For a longer-term view on where analysts expect ETH’s price to head, our Ethereum price prediction analysis covers multiple forecasting models in depth.
It’s also worth understanding the protocol-level changes that have shaped Ethereum’s trajectory. Our guide to the Ethereum 2.0 upgrade explains the shift to Proof of Stake.
That shift underlies today’s staking economics. Buterin has a track record of redirecting personal holdings toward ecosystem causes.
This history gives useful context for his 2026 sales. It reads as part of a longer pattern, not an isolated event.

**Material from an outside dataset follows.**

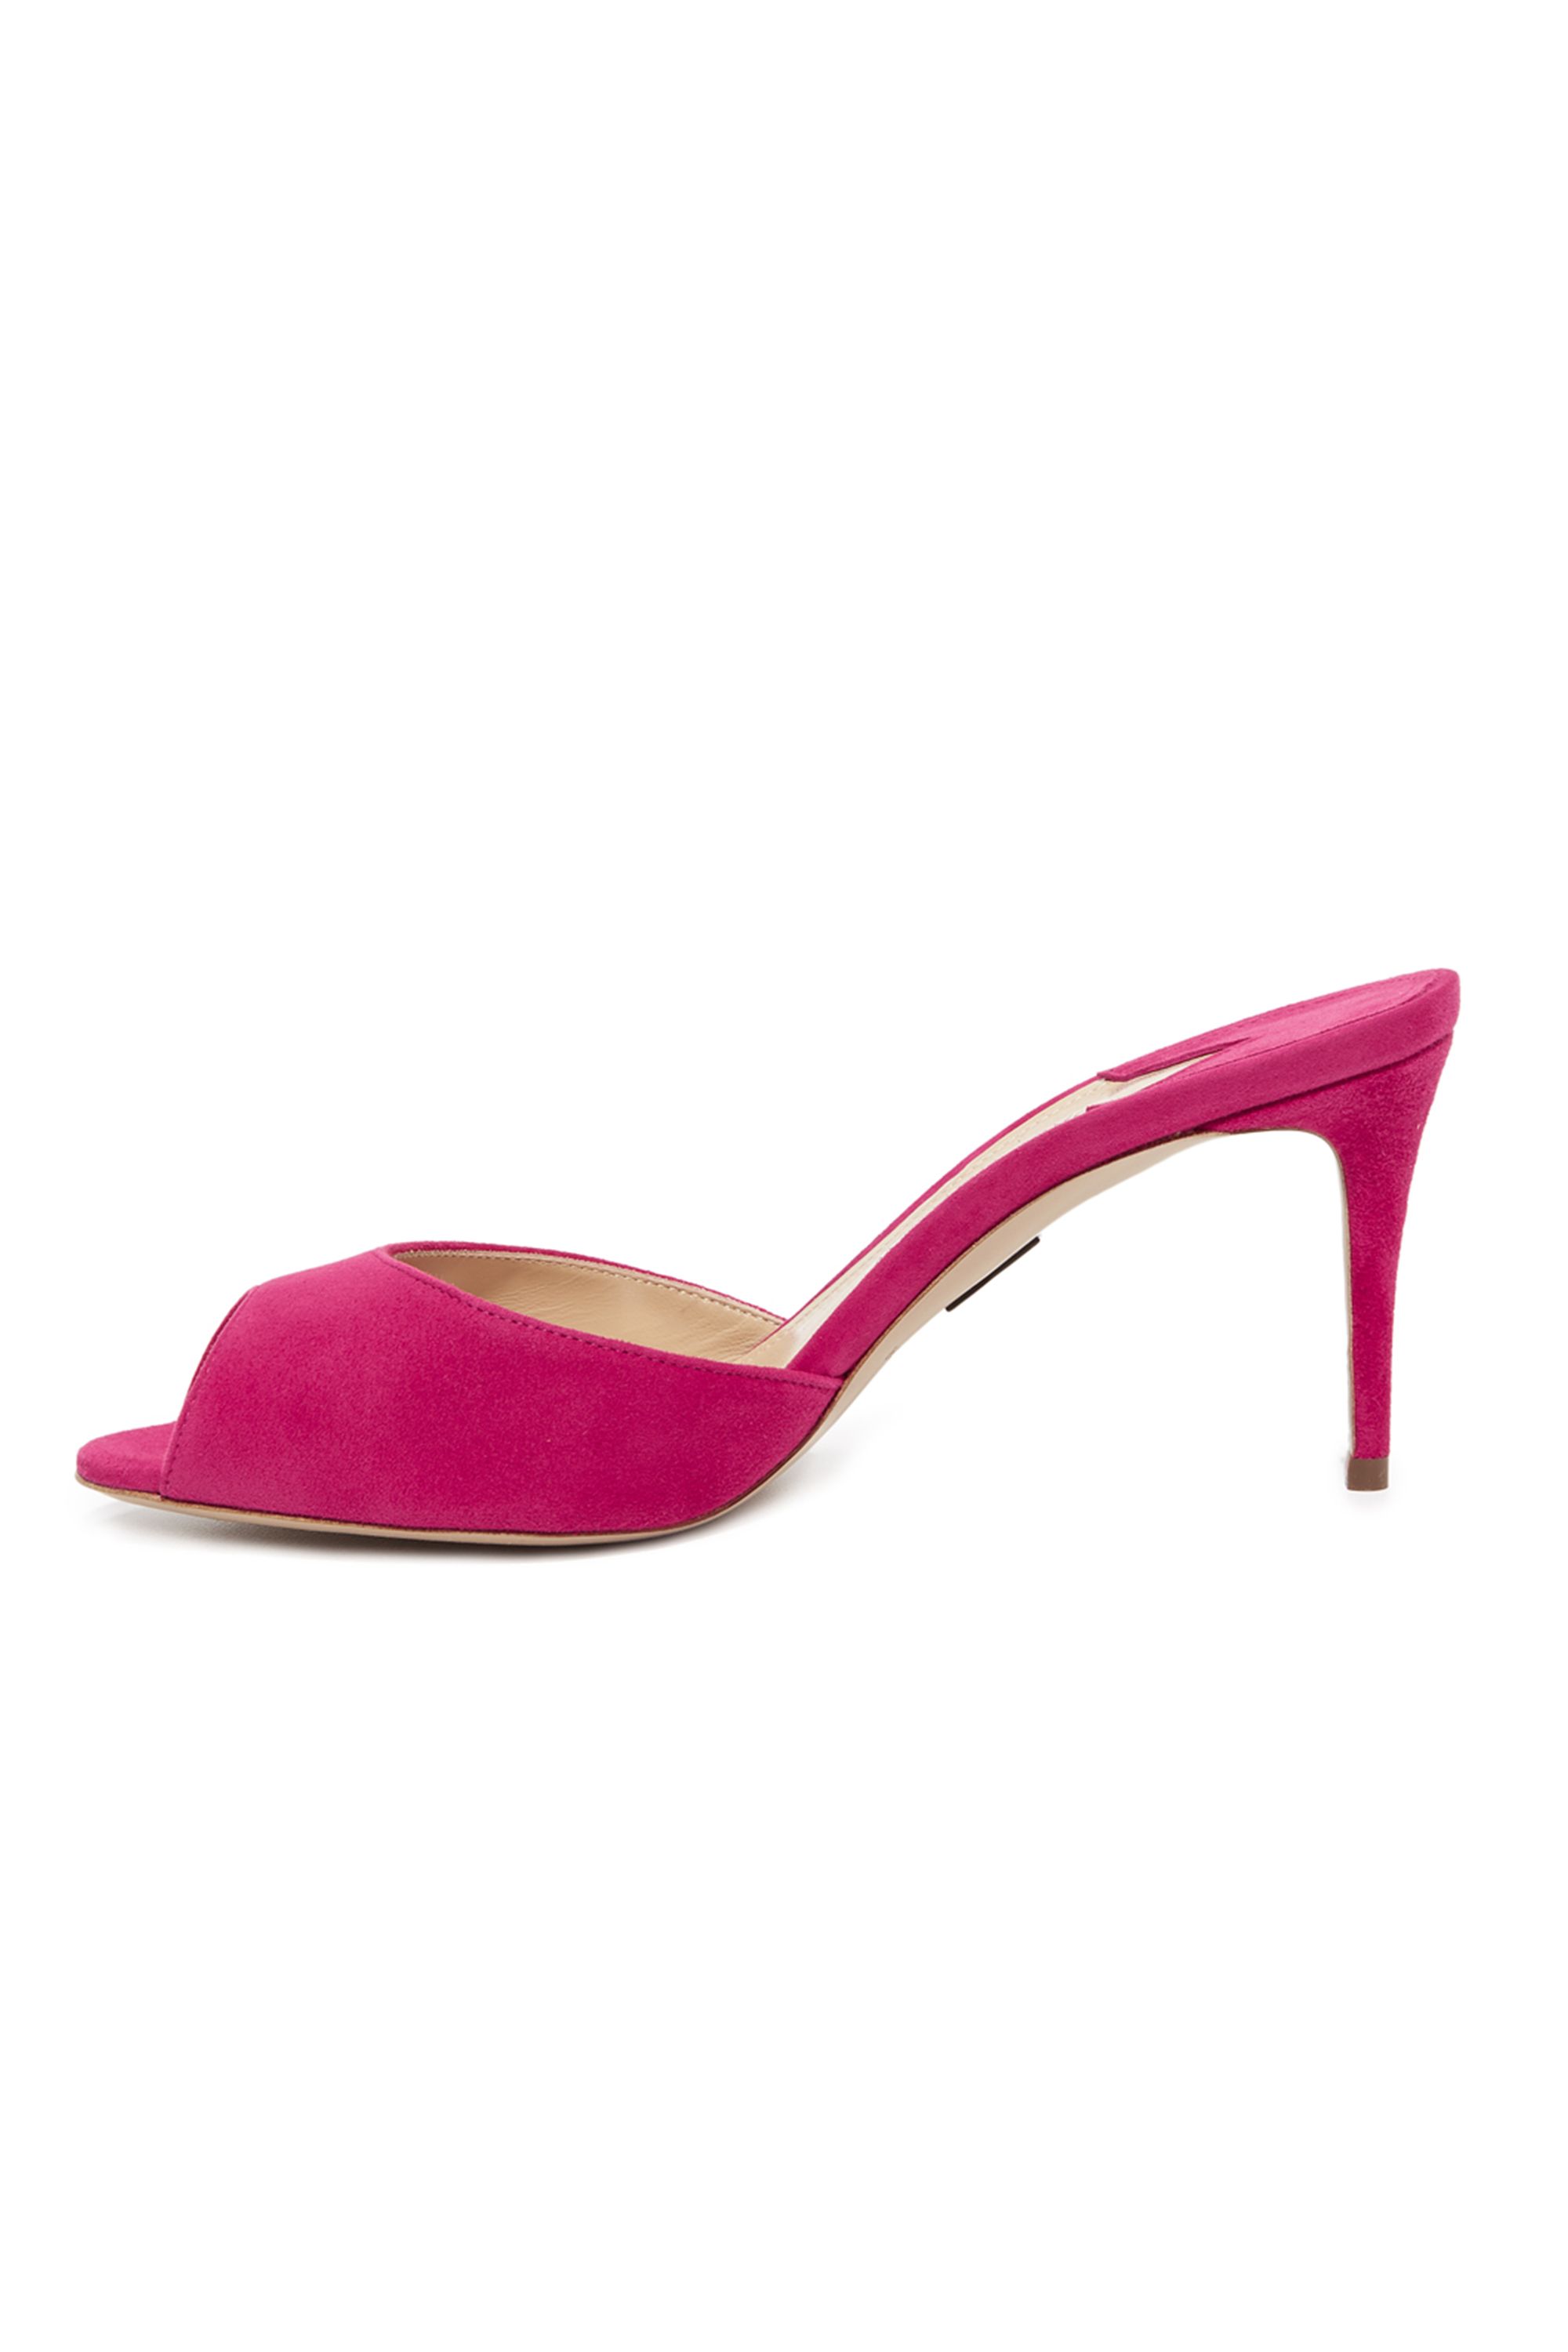 The controversial history of Barbie's classic stiletto mule heels

Conclusion: How to Buy Ethereum Without Overpaying
How to buy Ethereum comes down to two decisions that matter more than most guides admit. First, which platform and payment method you use.
Second, what you do with your ETH after the purchase clears. The process itself takes minutes. The cost gap between a careless purchase and a deliberate one is real. It can mean paying $2 instead of $20 on the exact same trade.
Use the advanced trading screen. Fund with a bank transfer where possible. Move your ETH to self-custody once you’re done.
Do that, and buying Ethereum will cost you a fraction of what most beginners pay without ever realizing it.
Frequently Asked Questions
What is the cheapest way to buy Ethereum?
Use an exchange’s advanced or pro trading interface, not its simple buy button. Fund your account through a bank transfer rather than a card. This combination consistently produced the lowest real-world cost across every platform compared in this guide.
Is it better to buy Ethereum on an exchange or through MetaMask?
Exchanges typically offer lower fees on larger or recurring purchases through their advanced trading screens. MetaMask delivers ETH directly to a self-custodial wallet with no withdrawal step. That can be worth a modest fee premium for smaller, one-time purchases.
Why has Ethereum’s price dropped so much in 2026?
Several factors are responsible. Spot ETF outflows reduced institutional holdings from $18.6 billion to $11.9 billion since January. Vitalik Buterin sold over 18,000 ETH to fund ecosystem projects. Broader macroeconomic uncertainty added further pressure. All three weighed on price through the first half of 2026.
How much money do I need to start buying Ethereum?
Most platforms allow purchases starting around $5 to $10, since ETH divides into fractional units. There is no requirement to buy a whole coin.
Is buying Ethereum safe in 2026?
Yes, when using a regulated, reputable platform. Follow basic security practices like two-factor authentication, and move funds to self-custody after purchase. The platform you choose affects your risk exposure more than the asset itself.
What happens if Ethereum’s spot ETFs keep seeing outflows?
Continued outflows would likely keep institutional demand subdued, which can weigh on price near term. However, on-chain accumulation by long-term holders has continued even during the outflow period. The picture is mixed, not uniformly bearish.